Centre: Right To Vote ≠ Freedom Of Voting | Put UBI At The Heart Of Welfare | Next Phase Of SIR: The Assam Case | The Second Issue | Justice In Food | From Allahabad To NYC: Nehru’s Arc | JNU’s Debate Tradition On Trial
CENTRE RIGHT TO VOTE≠ FREEDOM OF VOTING- Supreme Court is examining a petition challenging Section 53(2) RPA, 1951 and related rules for uncontested elections.
- Petitioners: Vidhi Centre for Legal Policy & Association for Democratic Reforms.
- Issue: Candidates declared elected without a poll, denying voters the NOTA option.
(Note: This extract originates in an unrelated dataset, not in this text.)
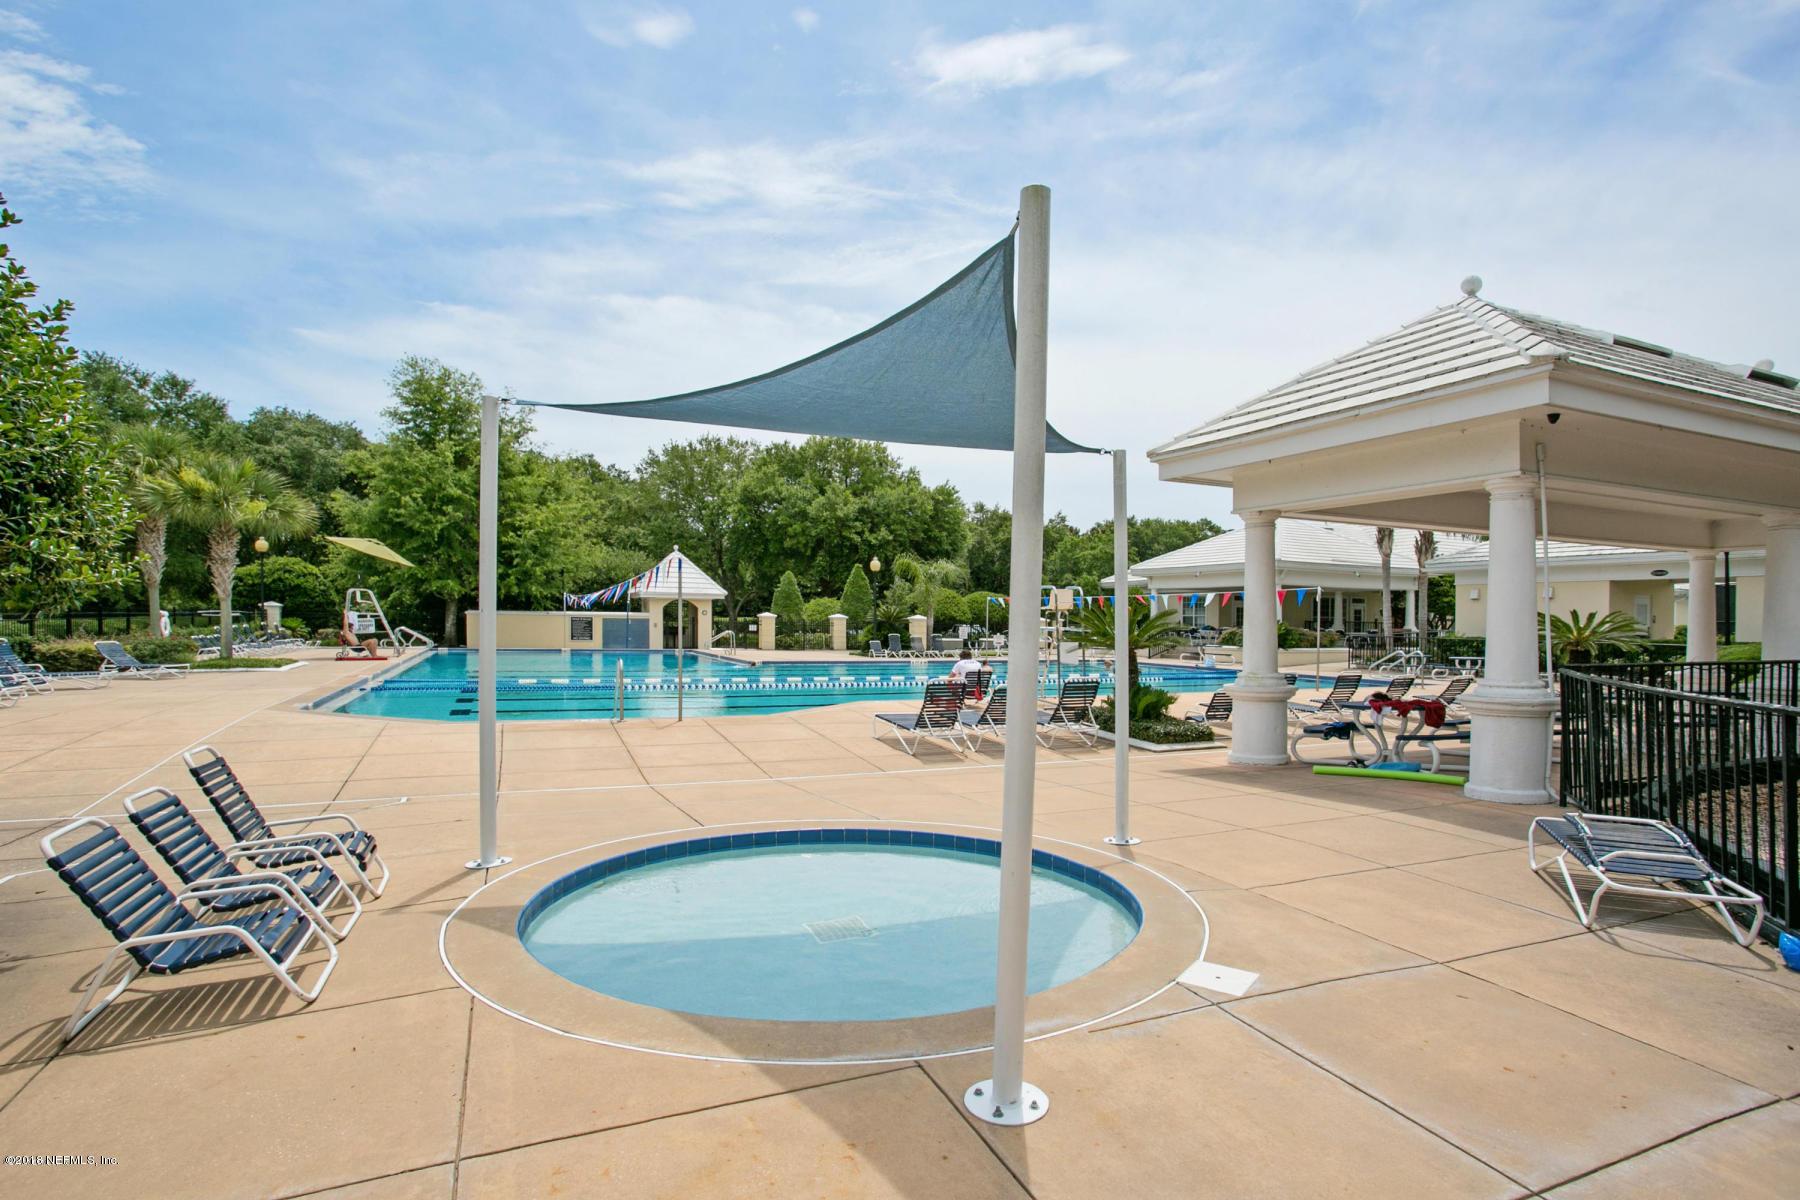 795 PROVIDENCE ISLAND, JACKSONVILLE, FLORIDA 32225, ,Vacant land,For sale,PROVIDENCE ISLAND,928573
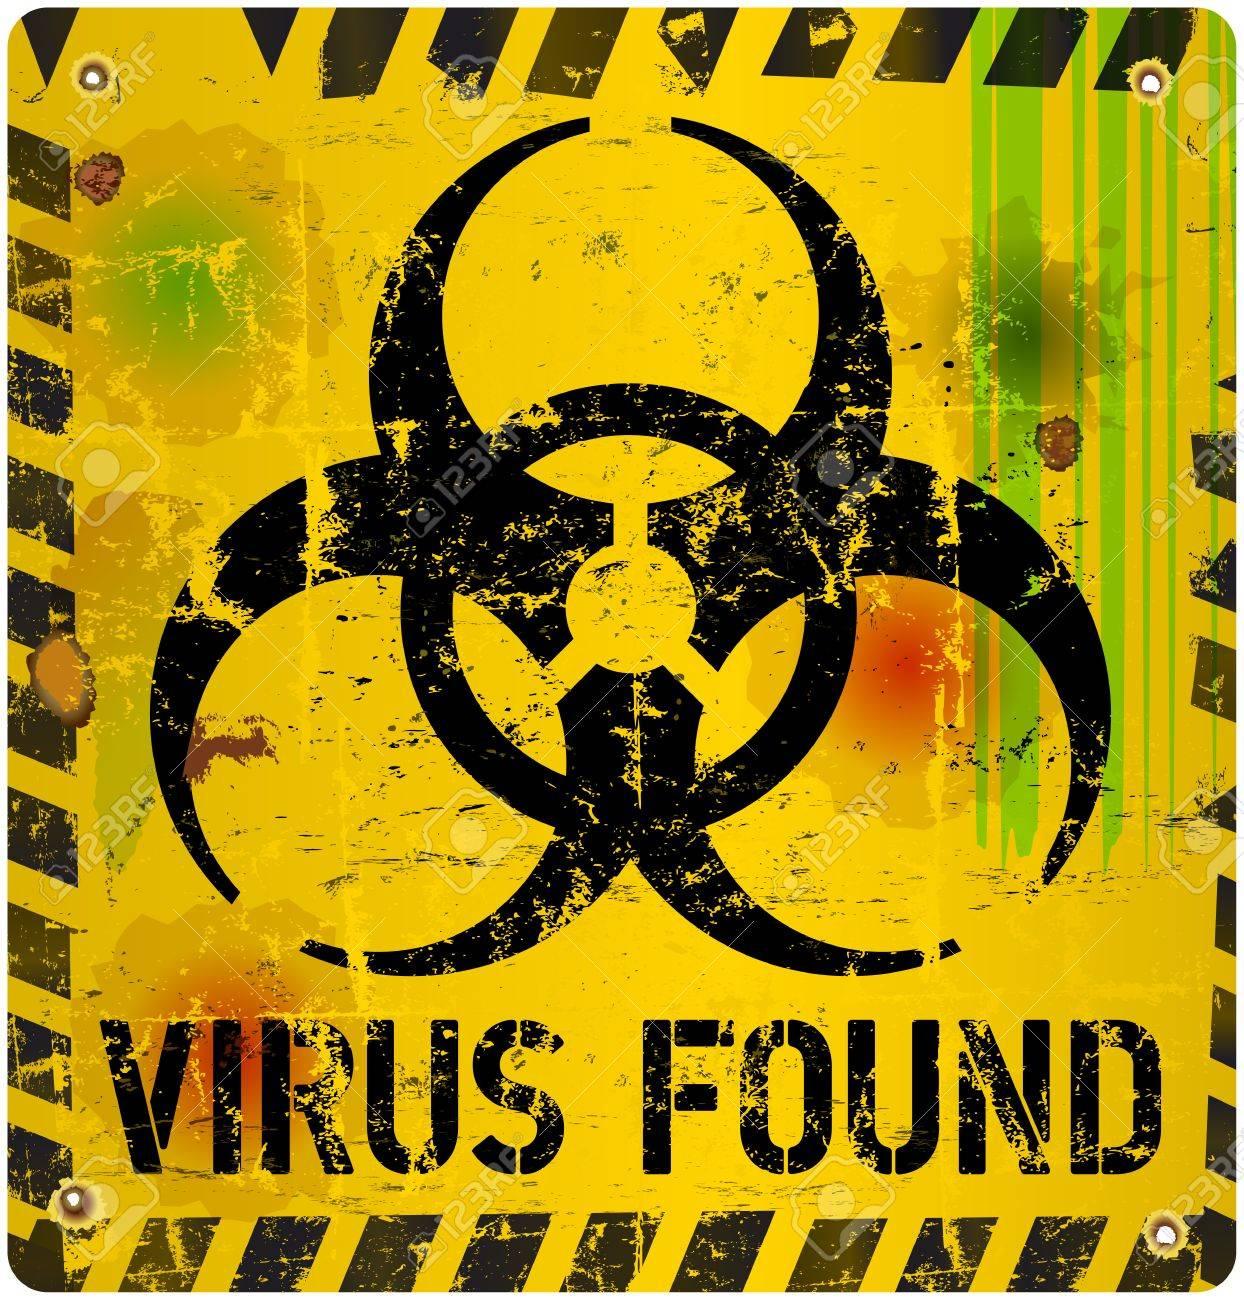 computer virus alert sign, vector illustration Stock Vector - 24733007

- Centre: Distinguished ‘right to vote’ (statutory) from ‘freedom of voting’ (fundamental under Article 19(1)(a)).
Key Points
- Section 53(2): When candidates = seats, RO declares winners via Form 21/21B; no poll held.
- Petitioners argue this blocks expression via NOTA.
- Centre:
- Right to vote = statutory; freedom of voting arises only during a poll.
- NOTA is not a ‘candidate’ under Section 79(b) RPA.
- EC: Legislative changes needed to treat NOTA as a contesting candidate.
- Data: Only 9 uncontested elections in 20 General Elections (1951–2024
Static Linkages
- Article 19(1)(a) – Right to freedom of speech and expression.
- Section 62, 53, 79 of Representation of the People Act, 1951.
- Forms 21 and 21B of Conduct of Elections Rules, 1961.
- Concept of NOTA introduced via Supreme Court directive (2013) in PUCL vs. Union of India.
- Principles of free and fair elections in the Constitution.
Critical Analysis
- Pros of Section 53(2) / Current Framework:
- Avoids unnecessary elections when outcomes are predetermined.
- Saves administrative costs and resources.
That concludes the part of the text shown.